トレーシング - AIアプリの動きを可視化

AIアプリが複雑になると、「なぜこの答えが返ってきたの？」「どこで時間がかかってる？」が見えにくくなります。

トレーシングとは？

ひとことで言うと: プログラムの実行過程を記録して可視化する機能です。

例えば:

ユーザー入力 「東京の天気は？」
  ↓
1. 入力を処理（0.1秒）
  ↓
2. AIモデル呼び出し（2.3秒）
  ↓
3. 天気APIを呼び出し（0.5秒）
  ↓
4. 結果を整形（0.1秒）
  ↓
応答 「東京は晴れです」

合計: 3.0秒

これが見えると、「AIモデルの呼び出しに時間がかかってるな」って分かりますよね。

Azure AI Foundryのトレーシング

Azure AI Foundryは自動でトレーシング情報を記録してくれます。

# tracing_basic.py
import os
from dotenv import load_dotenv
from azure.identity import DefaultAzureCredential
from azure.ai.projects import AIProjectClient
from azure.ai.projects.telemetry import ApplicationInsightsTelemetryClient

load_dotenv()

# プロジェクトクライアントを作成
project = AIProjectClient(
    endpoint=os.getenv("PROJECT_ENDPOINT"),
    credential=DefaultAzureCredential()
)

# トレーシングを有効化
# Azure AI Foundryは自動的にトレースを記録します
print("トレーシングが有効です")

# 通常通りAIを呼び出す
response = project.inference.get_chat_completions(
    model=os.getenv("MODEL_DEPLOYMENT_NAME"),
    messages=[
        {"role": "user", "content": "こんにちは！Pythonについて教えてください。"}
    ]
)

print(response.choices[0].message.content)
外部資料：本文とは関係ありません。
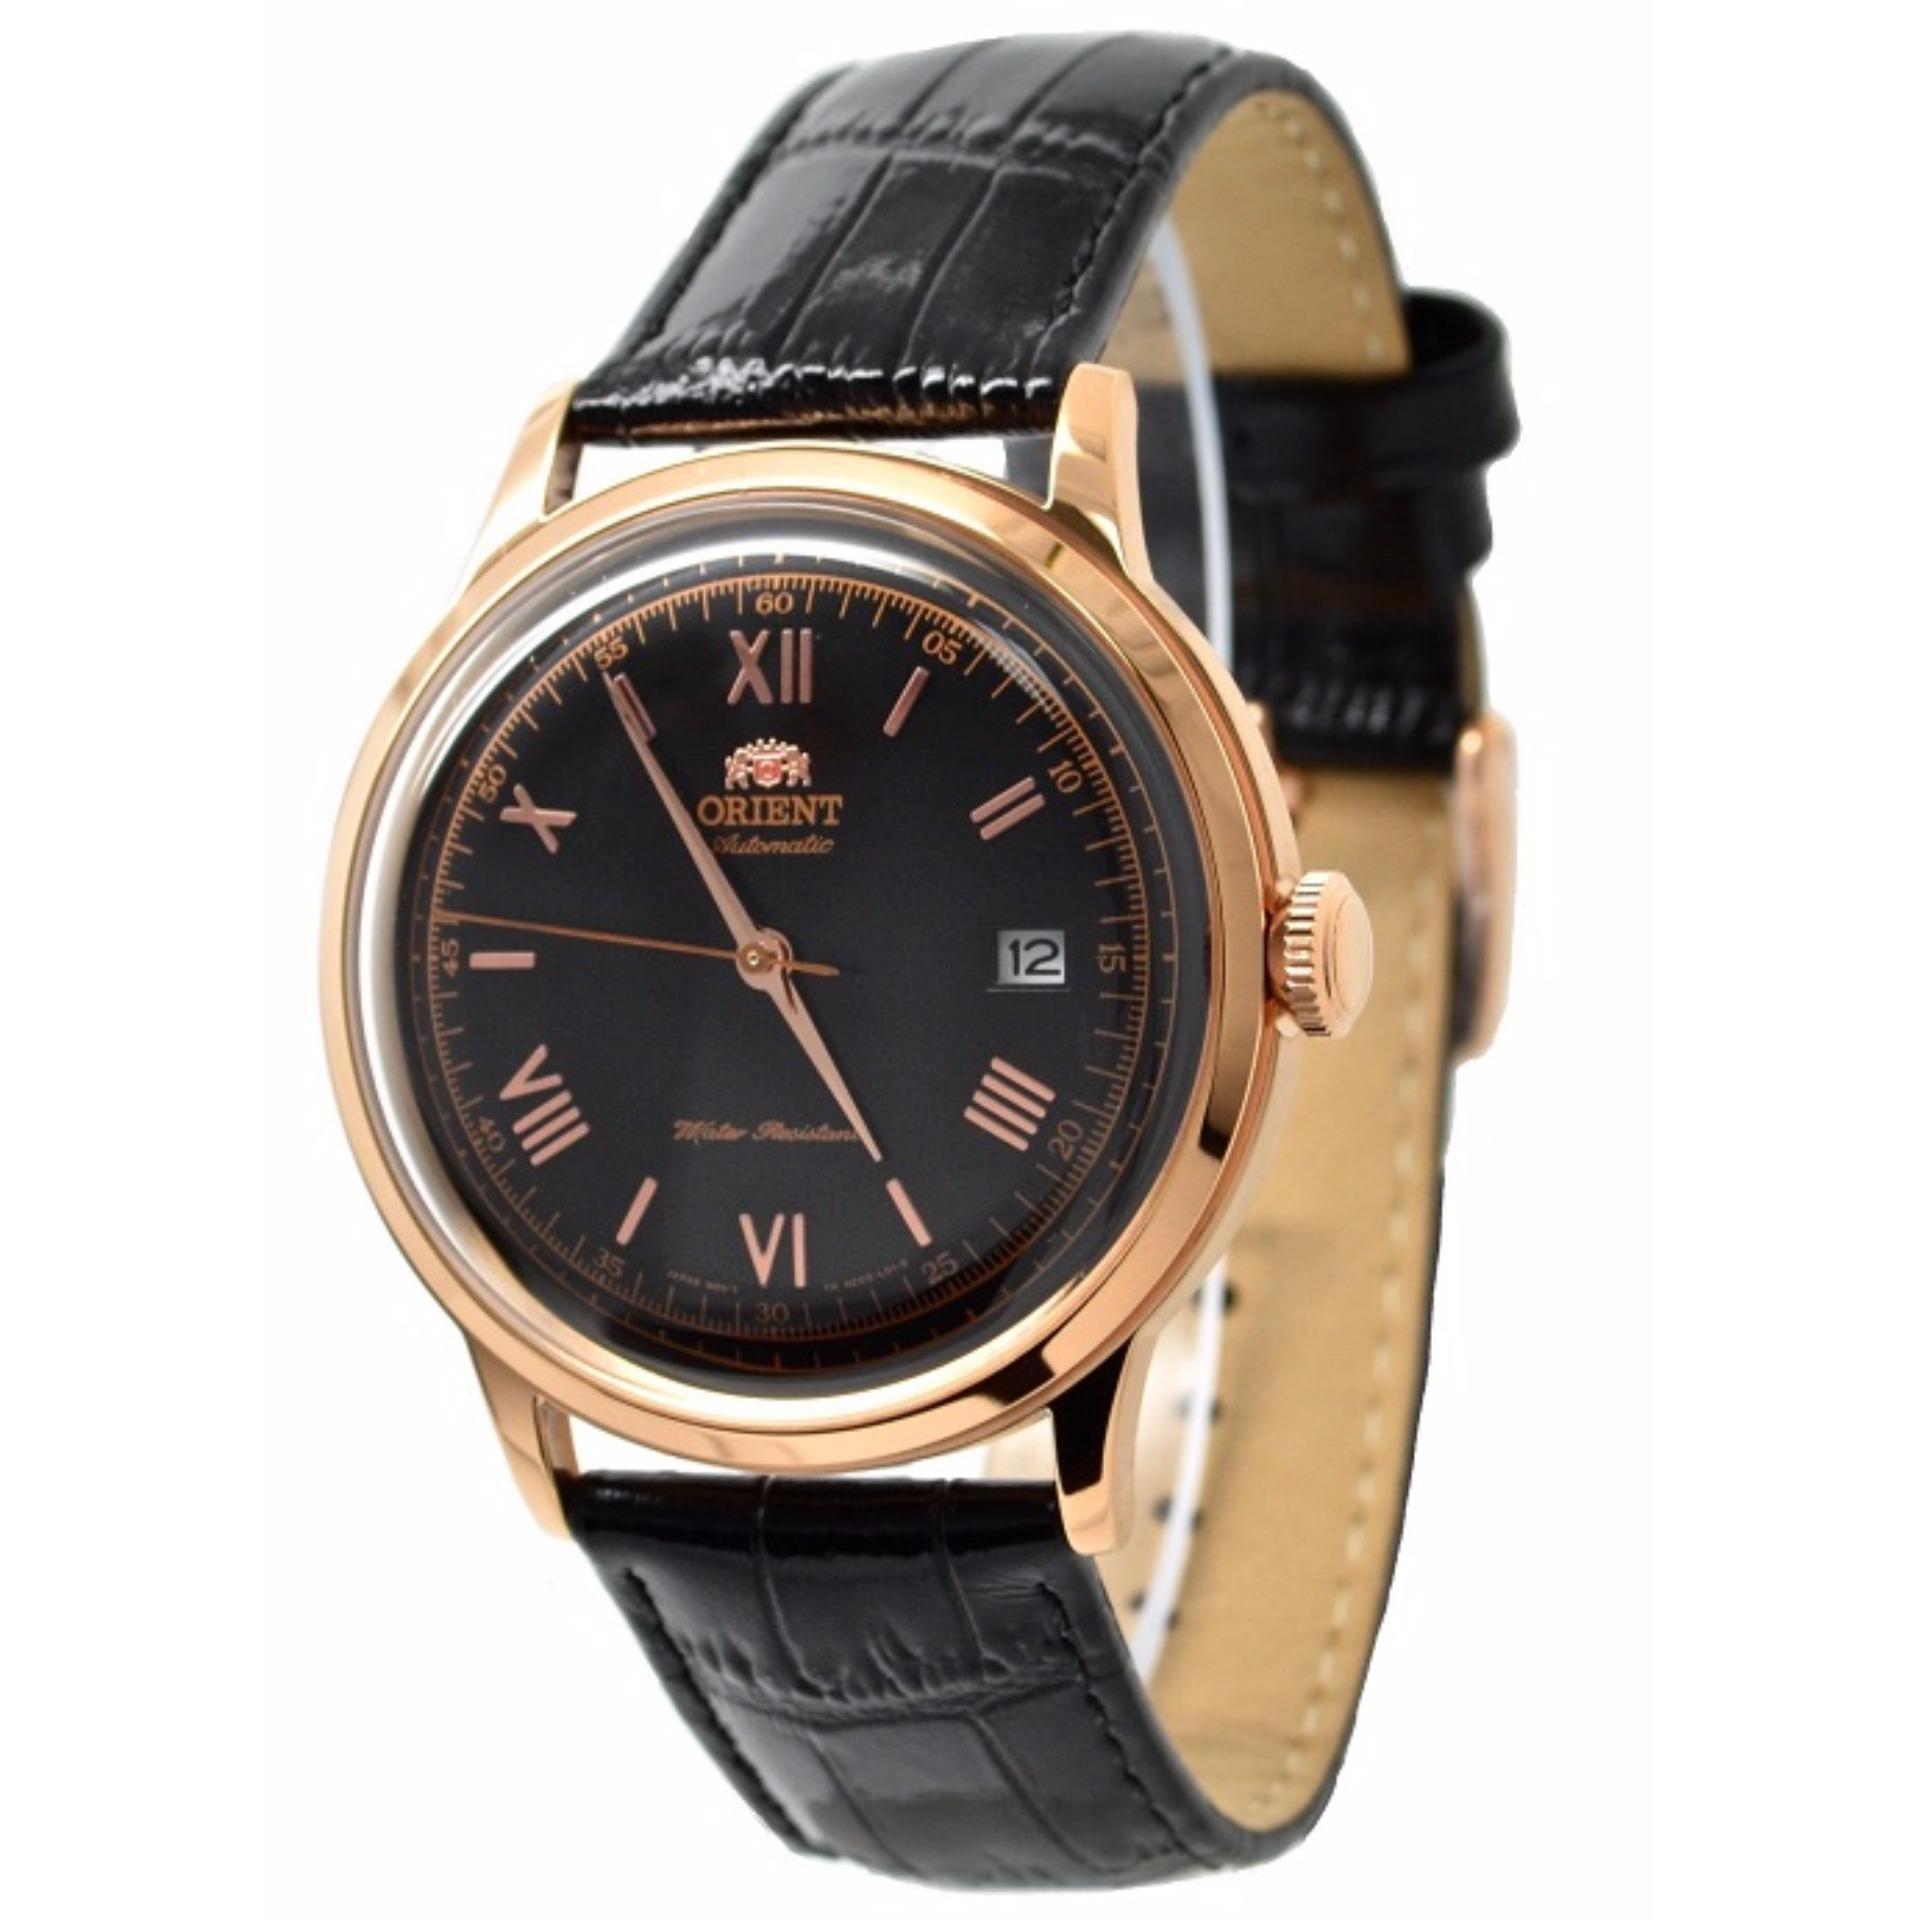 Đồng hồ nam dây da Orient Bambino Gen 2nd Version 2 FAC00006B0

# Azure AI Foundry ポータルの「トレース」セクションで
# この呼び出しの詳細情報を確認できます
print("\n✅ トレース情報はポータルで確認できます")
print("Azure AI Foundry → プロジェクト → トレース")

カスタムトレーシング

独自のトレース情報を追加することもできます。

# custom_tracing.py
import os
import time
from dotenv import load_dotenv
from azure.identity import DefaultAzureCredential
from azure.ai.projects import AIProjectClient
from opentelemetry import trace

load_dotenv()
project = AIProjectClient(
    endpoint=os.getenv("PROJECT_ENDPOINT"),
    credential=DefaultAzureCredential()
)

# OpenTelemetry トレーサーを取得
tracer = trace.get_tracer(__name__)

def process_user_input(user_input):
    """ユーザー入力を処理"""
    with tracer.start_as_current_span("process_input") as span:
        span.set_attribute("input_length", len(user_input))
        time.sleep(0.1)  # 処理をシミュレート
        return user_input.strip()

def call_ai_model(processed_input):
    """AIモデルを呼び出し"""
    with tracer.start_as_current_span("ai_model_call") as span:
        span.set_attribute("model", os.getenv("MODEL_DEPLOYMENT_NAME"))
        
        response = project.inference.get_chat_completions(
            model=os.getenv("MODEL_DEPLOYMENT_NAME"),
            messages=[{"role": "user", "content": processed_input}]
        )
        
        answer = response.choices[0].message.content
        span.set_attribute("response_length", len(answer))
        return answer

def format_response(answer):
    """応答を整形"""
    with tracer.start_as_current_span("format_response"):
        time.sleep(0.05)  # 処理をシミュレート
        return f"AI: {answer}"

# メイン処理
with tracer.start_as_current_span("main_workflow") as main_span:
    user_input = "Pythonの魅力を教えて"
    main_span.set_attribute("user_id", "user123")
    
    # 各ステップを実行
    processed = process_user_input(user_input)
    answer = call_ai_model(processed)
    formatted = format_response(answer)
    
    print(formatted)

print("\n✅ カスタムトレースが記録されました")

何が記録される？

各処理にかかった時間
カスタム属性（入力の長さ、モデル名など）
エラー情報（発生した場合）
処理の親子関係

トレースの活用例

# trace_analysis.py
import os
import time
from datetime import datetime
from dotenv import load_dotenv
from azure.identity import DefaultAzureCredential
from azure.ai.projects import AIProjectClient

load_dotenv()
project = AIProjectClient(
    endpoint=os.getenv("PROJECT_ENDPOINT"),
    credential=DefaultAzureCredential()
)
model_name = os.getenv("MODEL_DEPLOYMENT_NAME")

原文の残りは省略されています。